Simon Gueller, head chef of The Box Tree Restaurant in Ilkley, Yorkshire, shares an exquisite dessert from his fine dining menu.


  • For the soup

  • 1kg strawberries

  • 125g caster sugar

  • Mascarpone sorbet

  • 450g mascarpone

  • 575ml stock syrup (equal quantities of sugar and water)

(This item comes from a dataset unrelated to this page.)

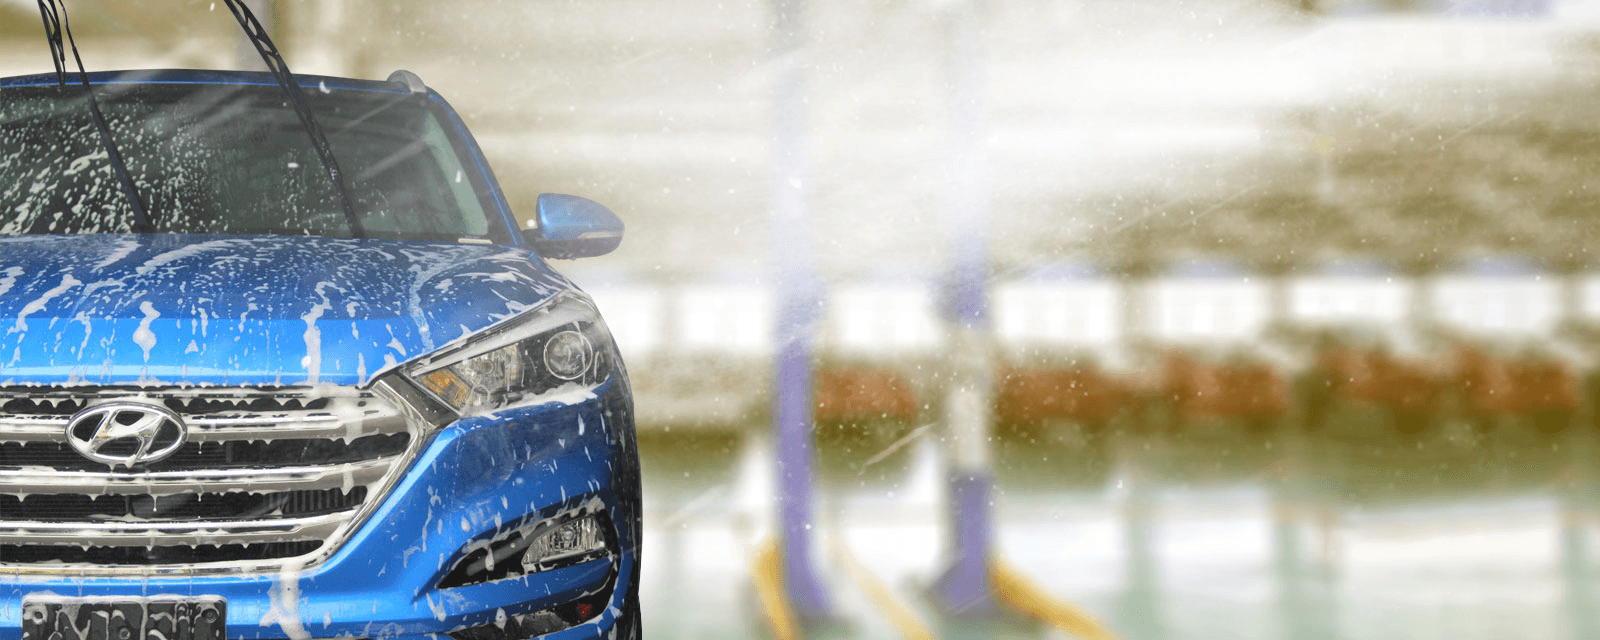 Hyundai of Wentzville Detailing Special

  • 55ml lemon juice (4 tblsp)


  • Strawberry soup:

  • 1.

    Remove the husks and slice the strawberries and gently mix with the sugar. Leave in a warm place for one hour.

  • 2.

    Pour the mixture into a piece of muslin and tie. Leave to strain over a bowl in the fridge over night. 

  • Mascarpone sorbet:

  • 1.

    Blend syrup and mascarpone thoroughly. Place in an ice cream machine, when almost frozen add lemon juice. Continue churning until frozen. Place in freezer - use within three days.

  • 2.

    To finish, pour strawberry soup in to a bowl and garnish with fresh raspberries, strawberries and blueberries. Just before serving top with mascarpone sorbet.

Nutritional information

Nutritional analysis per serving (3 servings)

  • Energy 1448kj
  • Fat Total 52g
  • Saturated Fat 29g
  • Protein 11g
  • Carbohydrate 245g
  • Sugar 217g
  • Sodium 582mg

Note: The information shown is Edamam's estimate based on available ingredients and preparation. It should not be considered a substitute for a professional nutritionist's advice.